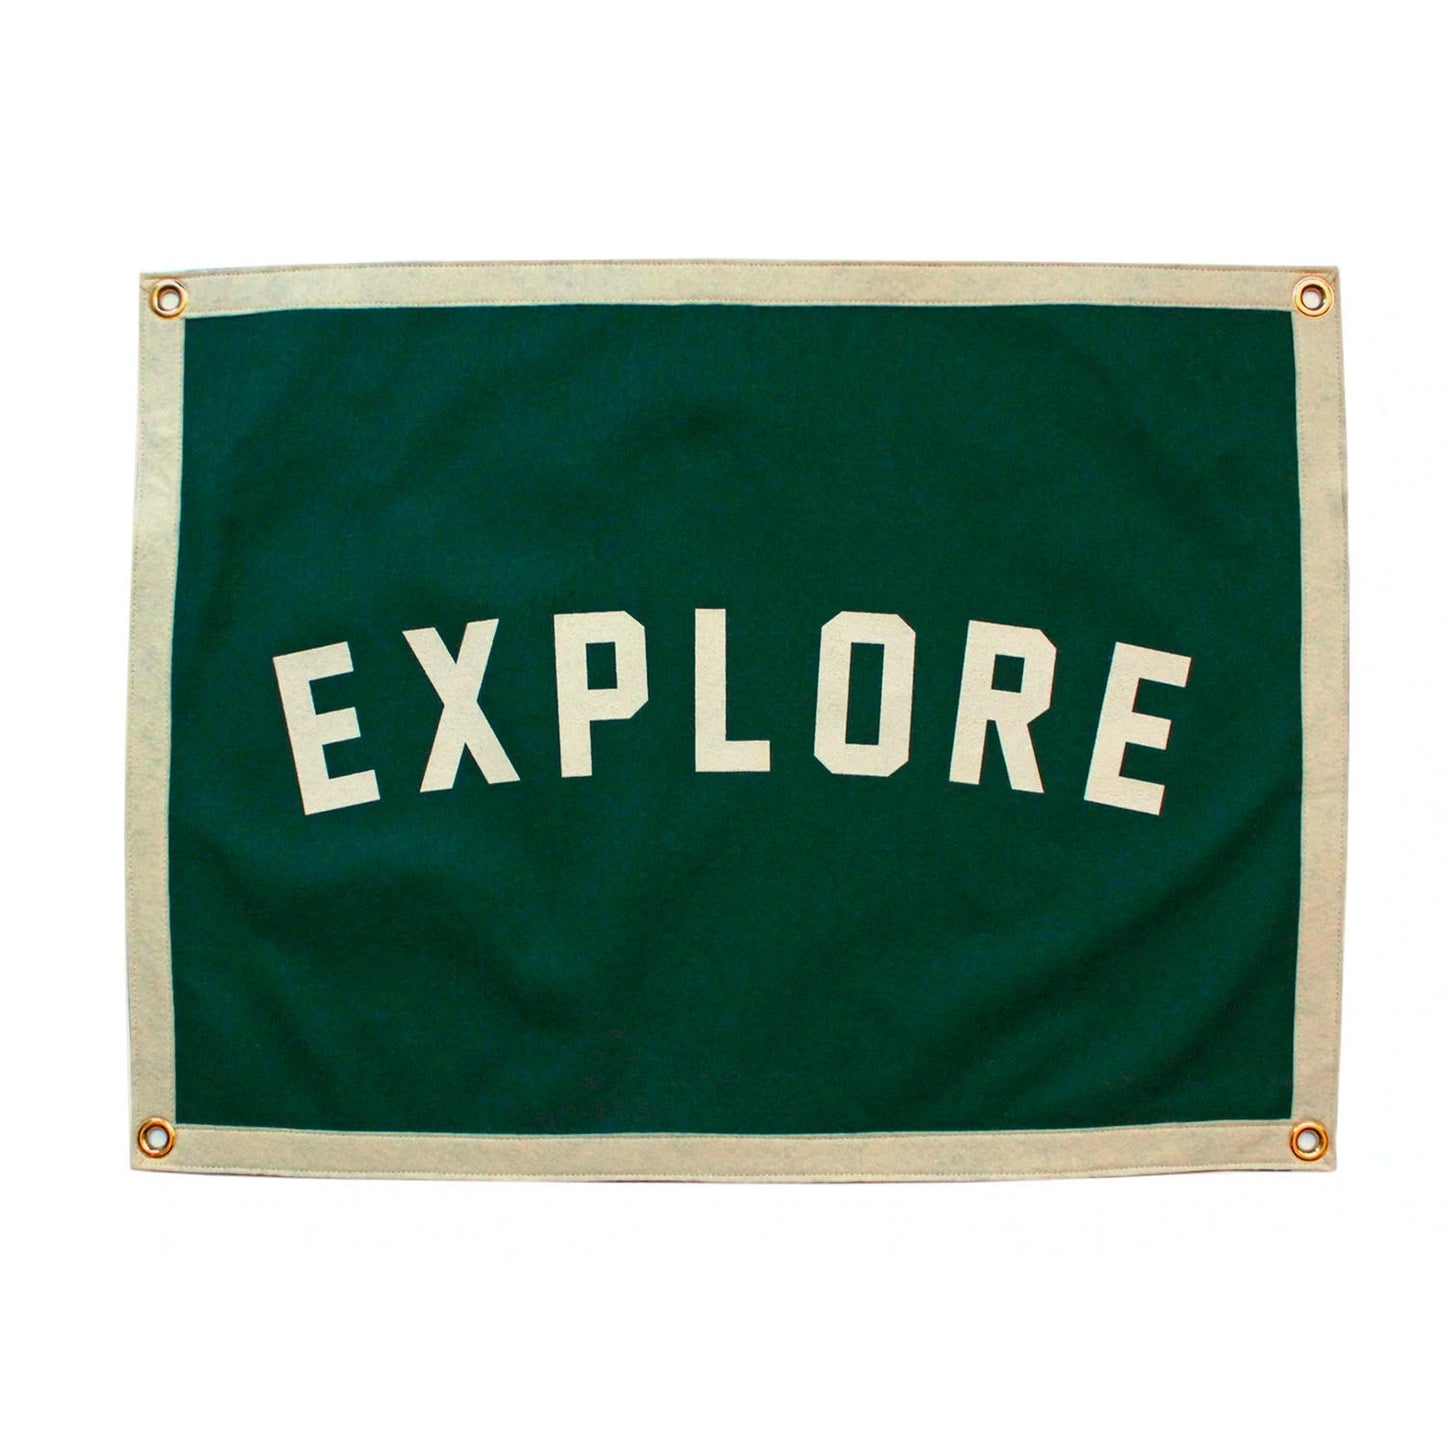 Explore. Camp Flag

==

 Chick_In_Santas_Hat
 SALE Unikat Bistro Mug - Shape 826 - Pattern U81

...

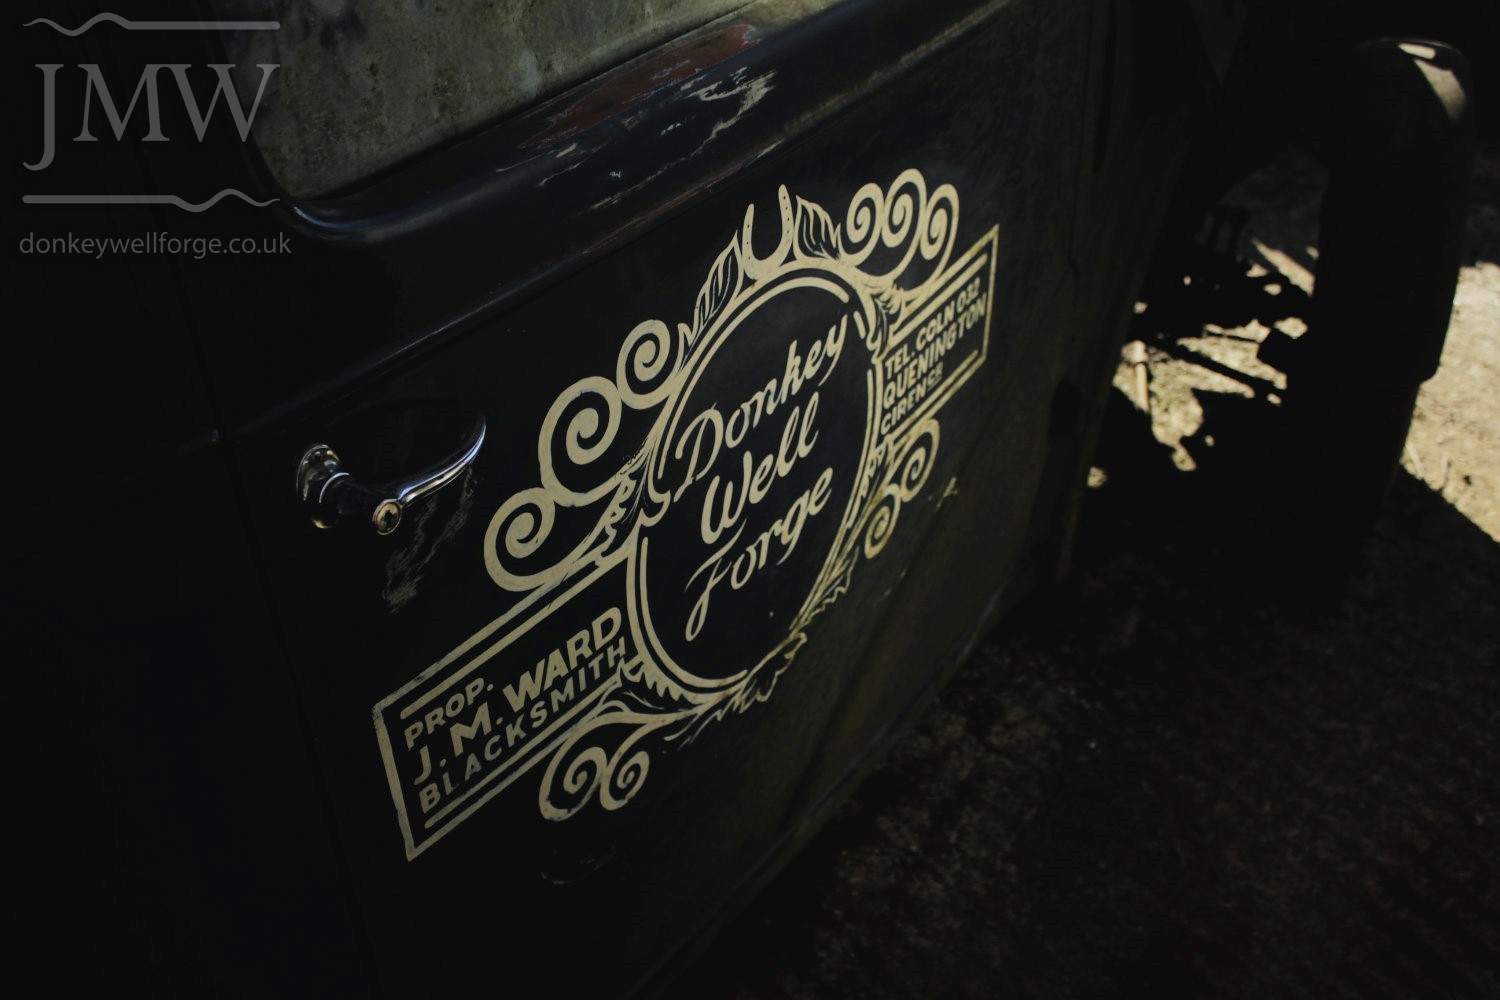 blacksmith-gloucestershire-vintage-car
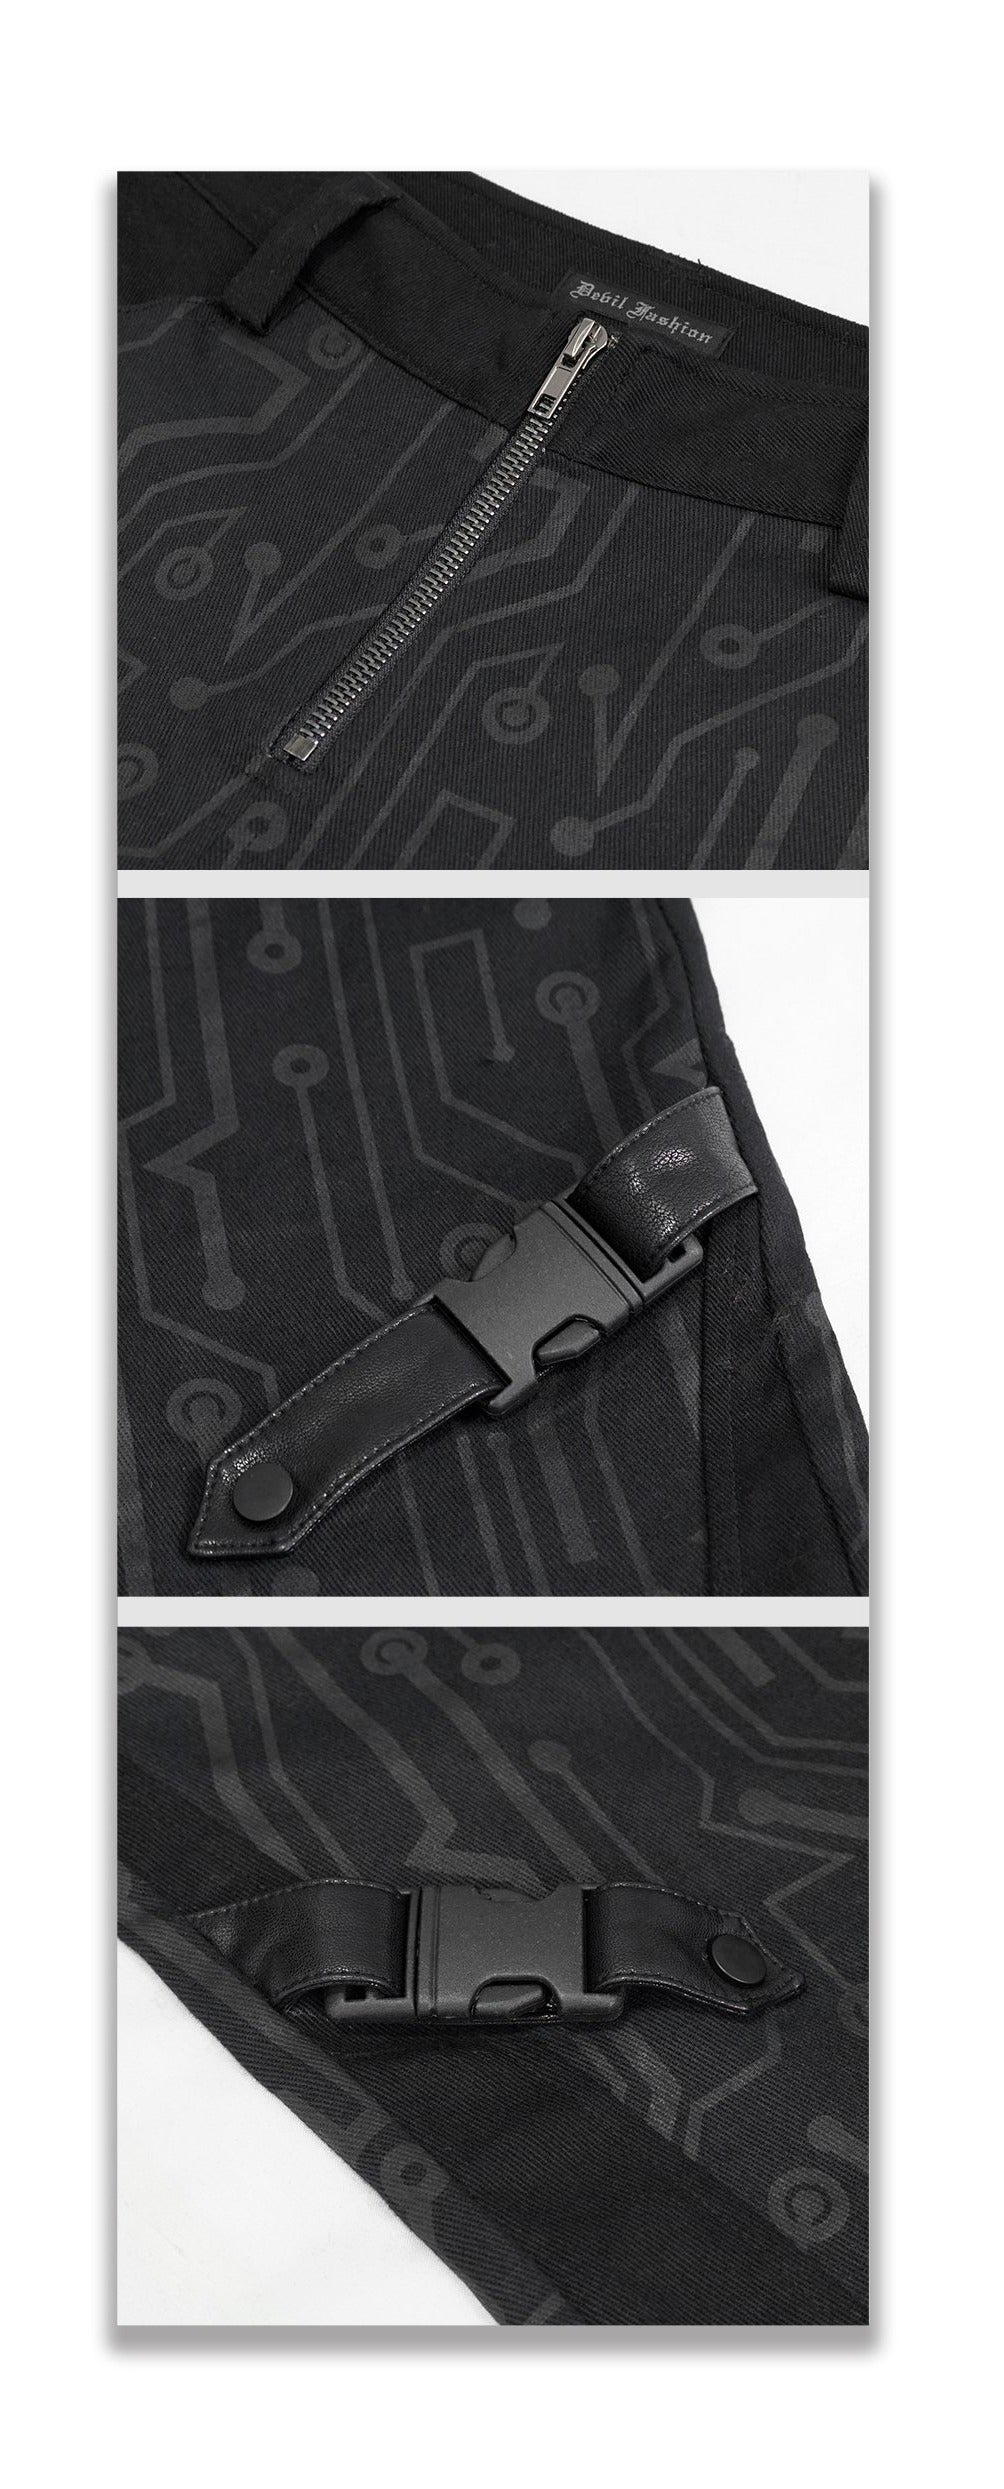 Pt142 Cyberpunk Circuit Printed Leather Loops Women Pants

§ **Aim of the exercise**
Out of the listing above, reproduce exactly the lines from the one with "Chick_In_Santas_Hat" up to and including the one with "SALE Unikat Bistro".

§ **Result of this task**
 Chick_In_Santas_Hat
 SALE Unikat Bistro Mug - Shape 826 - Pattern U81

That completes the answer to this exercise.